More than 3 years have passed since last update.

Power Query workout - Web.Contents

Last updated at 2022-05-24Posted at 2022-05-24

Web.Contents 関数(Power Query) はさほど複雑ではないし、できることは限られている。どちらかというとアクセス先の仕様などデータソースについてよく知る必要がある。

Web.Contents 関数

Web.Contents(url as text, optional options as nullable record) as binary

The HTTP request is made as either a GET (when no Content is specified) or a POST (when there is Content). POST requests may only be made anonymously.
HTTP 要求は、GET (Content が指定されていない場合) または POST (Content がある場合) のいずれかで行います。 POST 要求は匿名でのみ実行できます。
The headers of the HTTP response are available as metadata on the binary result. Outside of a custom data connector context, only a subset of response headers is available (for security reasons).
HTTP 応答のヘッダーは、バイナリ結果のメタデータとして使用できます。 カスタムデータコネクタコンテキストの外部では、(セキュリティ上の理由から) 応答ヘッダーのサブセットのみを使用できます。

url パラメータ
urlは参照する Web 上のリソースを指し示す文字列。もうひとつ重要な意味があって、URL クエリパラメータを除いた文字列でデータソースに紐づく資格情報を特定する。
options パラメータ
options のフィールドにはいくつかあるけれども、特に重要なのは 3 つ

フィールド
Headers	この値をレコードとして指定すると、HTTP 要求に追加のヘッダーが指定されます。
RelativePath	この値をテキストとして指定すると、要求を行う前にこれがベース URL に追加されます。
Query	クエリパラメーターをプログラムで URL に追加します。エスケープについて考える必要はありません。

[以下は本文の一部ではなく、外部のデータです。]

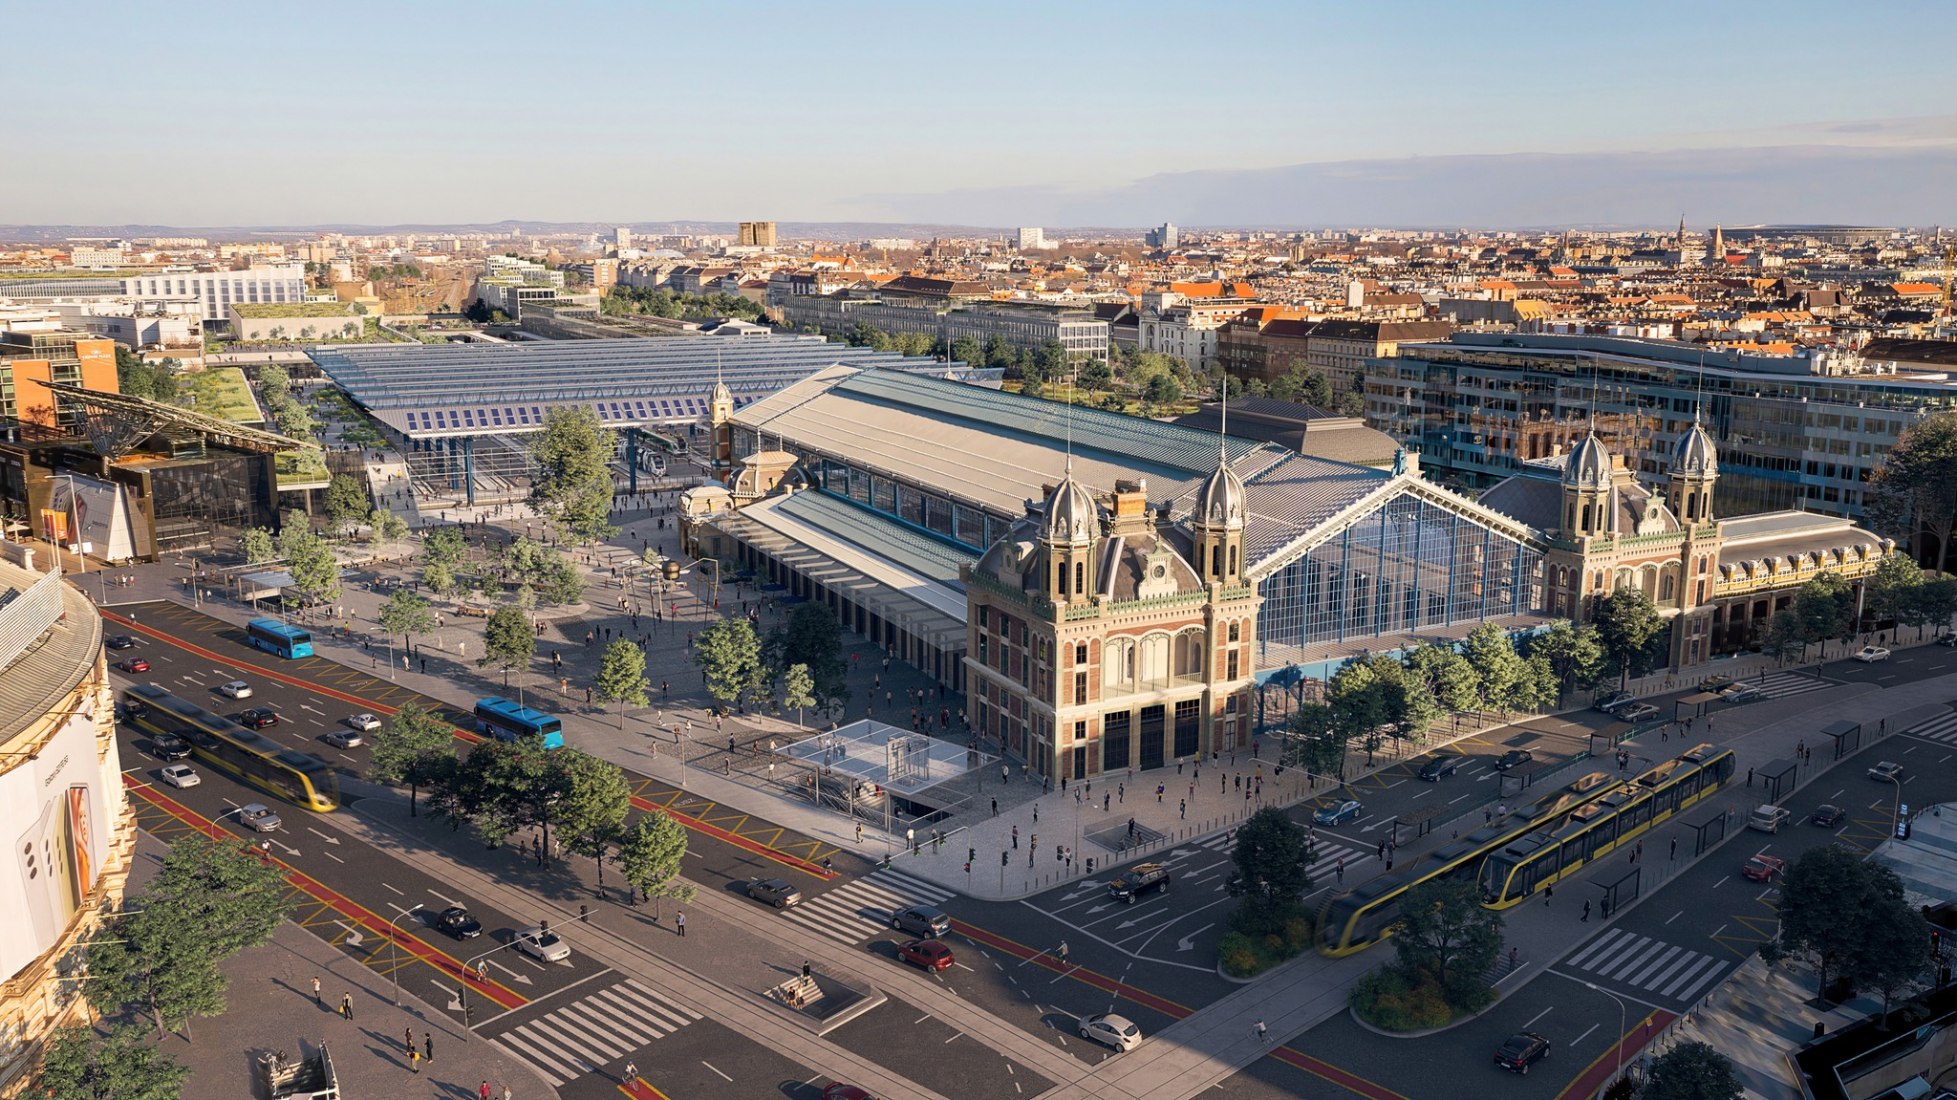 New Nyugati Railway Station in Budapest by Grimshaw. Rendering courtesy of Budapest Development Agency (BFK)

あと使うとしたら ManualStatusHandling かな。
これらを理解しておかないと、Power BI データセットの更新や Power BI データフローを定義できないということがある

データソースから得られたデータを用いてデータソースを参照するとか。クエリ(Power Query)評価されて初めてデータソースが特定できる状態は "動的データソース"と判断されクエリは評価は失敗する。デスクトップ環境は寛大に動作してしまうけれども、サービス上では厳格な動作をしている。

SharePoint REST サービスで理解する

SharePoint.Table 関数でこと足りるけれども、コネクタで実現していることをWeb.Contents 関数に置き換え試して理解する。

エンドポイント

Web.Contents 関数 Url パラメータには SharePoint REST サービスのエンドポイントを定義。この url 文字列がデータソースを特定し資格情報を得る。

Power Query

// EndpointUrl
"https://{site_url}/_api/web"
    meta [IsParameterQuery=true, Type="Text", IsParameterQueryRequired=true]

SharePoint リストの列情報を取得

Title(表示列名) / InternalName / EntityPropertyName は必要な情報なので。
RelativePath / Query の定義は必須ではないが、使用して記述することはできる。

Power Query

// SPListTitle
"{list_title}"
     meta [IsParameterQuery=true, Type="Text", IsParameterQueryRequired=true]

Power Query

let
    Source = Web.Contents(
        EndpointUrl,
        [
            Headers = [
                Accept = "application/json;odata=verbose"
            ],
            RelativePath = "lists/getbytitle(@SPListTitle)/fields",
            Query = [
                #"@SPListTitle" = "'" & SPListTitle & "'"
            ]
        ]
    ),
    Step = Table.FromRecords(
        Json.Document(Source, TextEncoding.Utf8)[d][results],
        type table [
            Title = text, InternalName = text, EntityPropertyName = text, 
            TypeDisplayName = text, Required = logical, Indexed = logical, 
            AutoIndexed = logical, Hidden = logical, Sortable = logical
        ]
    )
in
    Step

SharePoint リストアイテムを取得

SharePoint リストアイテムの取得にはページサイス 100 アイテム(既定値:100 / '$top`パラメータで最大 5,000)を繰り返すリクエストが必要になる。SharePoint.Table 関数ではこの処理が行われるからおまかせでいい。ここでは動的データソースを明らかにしたいだけ。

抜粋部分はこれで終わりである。